#### [How to complete this task]
Stopping right after the line with "JBL 4318 owner", please reproduce the material below exactly from its first line.

#### [Provided records]

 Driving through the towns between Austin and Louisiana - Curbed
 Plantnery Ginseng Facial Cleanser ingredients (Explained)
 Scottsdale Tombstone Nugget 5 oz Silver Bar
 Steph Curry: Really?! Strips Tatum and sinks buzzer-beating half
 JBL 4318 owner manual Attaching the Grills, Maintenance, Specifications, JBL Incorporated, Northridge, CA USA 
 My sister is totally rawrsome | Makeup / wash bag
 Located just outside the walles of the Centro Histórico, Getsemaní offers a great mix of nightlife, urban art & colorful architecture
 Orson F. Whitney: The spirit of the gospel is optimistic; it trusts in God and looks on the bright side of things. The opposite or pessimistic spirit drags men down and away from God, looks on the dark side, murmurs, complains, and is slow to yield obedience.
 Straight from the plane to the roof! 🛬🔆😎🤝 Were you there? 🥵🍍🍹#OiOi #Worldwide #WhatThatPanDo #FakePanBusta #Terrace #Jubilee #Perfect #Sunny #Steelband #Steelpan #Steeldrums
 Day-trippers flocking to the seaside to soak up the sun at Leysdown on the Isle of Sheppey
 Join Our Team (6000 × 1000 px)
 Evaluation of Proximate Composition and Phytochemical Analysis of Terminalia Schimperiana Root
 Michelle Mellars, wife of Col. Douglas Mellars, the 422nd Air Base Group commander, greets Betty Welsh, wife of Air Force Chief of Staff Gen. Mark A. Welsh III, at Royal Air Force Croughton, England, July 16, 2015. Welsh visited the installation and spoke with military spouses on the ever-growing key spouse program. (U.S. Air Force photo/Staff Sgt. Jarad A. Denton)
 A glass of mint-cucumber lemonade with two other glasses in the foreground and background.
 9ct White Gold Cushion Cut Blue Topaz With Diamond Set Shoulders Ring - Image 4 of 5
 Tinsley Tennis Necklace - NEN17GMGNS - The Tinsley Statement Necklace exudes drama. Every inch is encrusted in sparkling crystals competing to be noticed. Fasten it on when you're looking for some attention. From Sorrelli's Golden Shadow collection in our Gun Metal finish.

#### [Task result]
 Driving through the towns between Austin and Louisiana - Curbed
 Plantnery Ginseng Facial Cleanser ingredients (Explained)
 Scottsdale Tombstone Nugget 5 oz Silver Bar
 Steph Curry: Really?! Strips Tatum and sinks buzzer-beating half
 JBL 4318 owner manual Attaching the Grills, Maintenance, Specifications, JBL Incorporated, Northridge, CA USA 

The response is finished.